Extension Development: Best Practices

Context: This guide is for extension development - creating new packages that extend tidymodels packages.

Key principle:Never use internal functions (accessed with :::)

Guide to writing high-quality R code for tidymodels extension packages.

Best Practices

Guide to writing high-quality R code for tidymodels extension packages.

Code Style

Use base pipe

# Good
recipe(mpg ~ ., data = mtcars) |>
  step_center(all_numeric_predictors())

# Avoid
recipe(mpg ~ ., data = mtcars) %>%
  step_center(all_numeric_predictors())

The base pipe |> is faster, built-in, and the tidymodels standard.

Anonymous functions

# Single line: use backslash notation
map(x, \(i) i + 1)

# Multi-line: use function()
map(x, function(i) {
  result <- complex_computation(i)
  result + 1
})

For-loops over map()

# Preferred (better error messages)
for (col in columns) {
  new_data[[col]] <- transform(new_data[[col]])
}

# Avoid (harder to debug)
new_data <- map(columns, \(col) transform(new_data[[col]]))

Why prefer for-loops:

  • Better error messages (shows which iteration failed)

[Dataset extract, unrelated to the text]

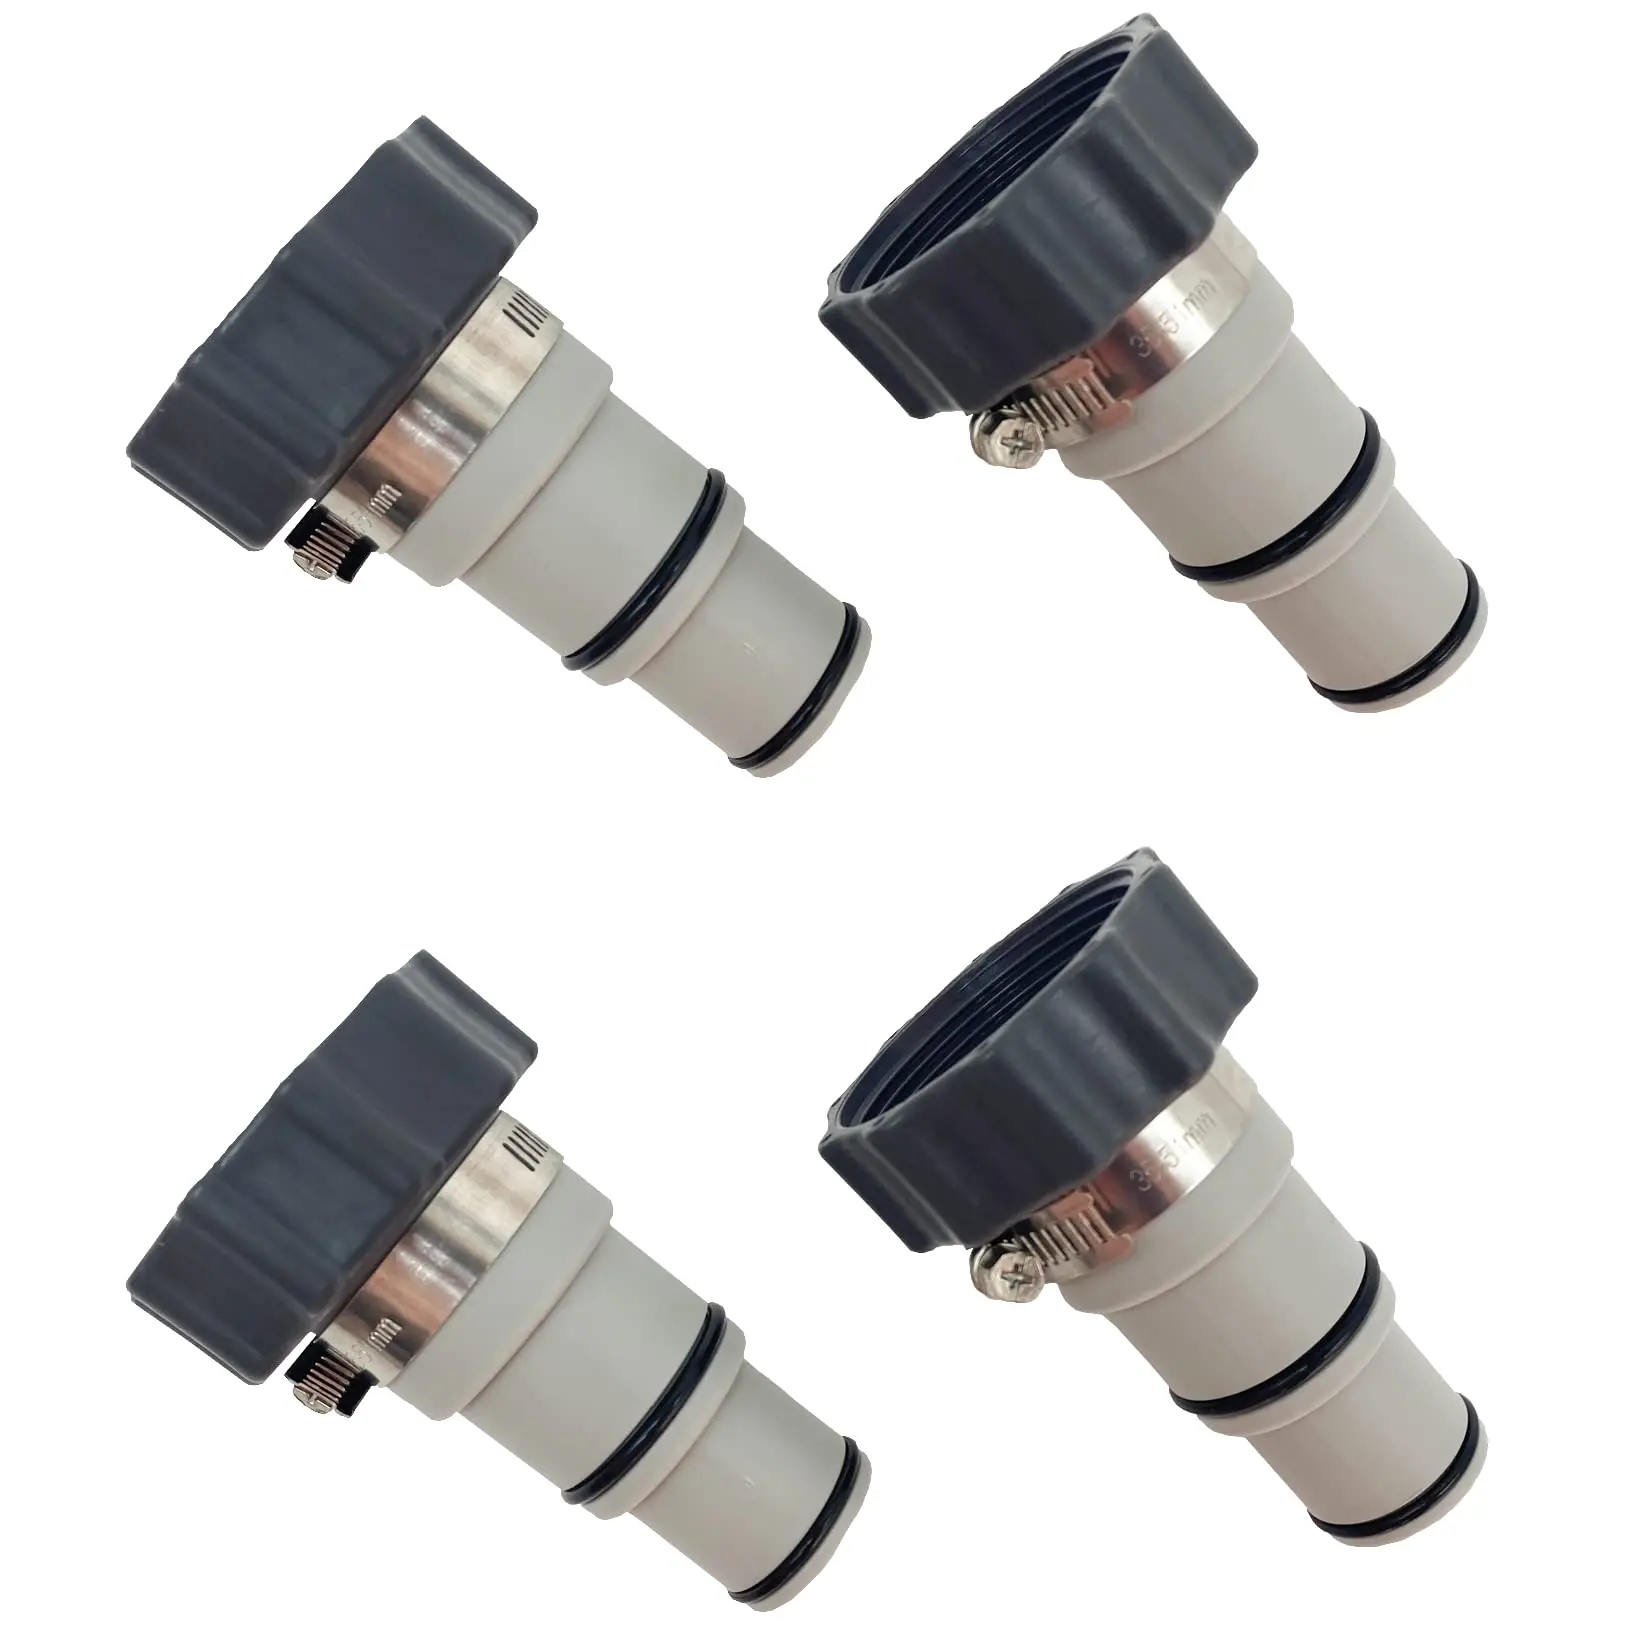 

1.5" to 1.25" Hose Adapter Plunger Valve Connector for Intex Above Ground Pool 1500 2000 2500 4000 GPH Filter Pump(4 PCS)

  • More familiar to most R users

  • Easier to debug with browser()

  • Consistent with tidymodels style

Minimal comments

# Good: code is self-documenting
means <- colMeans(data)
centered <- sweep(data, 2, means, "-")

# Avoid: over-commenting obvious code
# Calculate column means
means <- colMeans(data)
# Subtract means from each column
centered <- sweep(data, 2, means, "-")

Write clear code that doesn’t need comments. Add comments only for:

  • Complex algorithms

  • Non-obvious optimization tricks

  • Warnings about edge cases

Error Messages

Use cli functions

# Good: cli provides better formatting
if (invalid) {
  cli::cli_abort("{.arg param} must be positive, not {.val {param}}.")
}

if (risky) {
  cli::cli_warn("Column{?s} {.var {col_names}} returned Inf or NaN.")
}

# Avoid: base R error functions
stop("param must be positive")
warning("columns returned Inf or NaN")

cli formatting syntax

# Argument names
cli::cli_abort("{.arg your_param} must be numeric.")

# Code/function names
cli::cli_abort("Use {.code binary} estimator for two classes.")

# Values
cli::cli_abort("Expected 3 columns, got {.val {ncol(data)}}.")

# Variable names
cli::cli_warn("Column{?s} {.var {col_names}} has/have missing values.")

# Pluralization
cli::cli_abort("Found {length(x)} error{?s}.")  # Handles 1 vs many

Error message guidelines

  • Be specific about what’s wrong

  • Tell users what they can do to fix it

  • Include actual values when helpful

  • Use proper English grammar

# Good
cli::cli_abort(
  "{.arg threshold} must be between 0 and 1, not {.val {threshold}}."
)

# Avoid
stop("Invalid threshold")

Documentation Standards

Be explicit

#' @param threshold Threshold value for classification. Must be a numeric
#'   value between 0 and 1. Default is 0.5.

Include:

  • Type (numeric, logical, character, factor)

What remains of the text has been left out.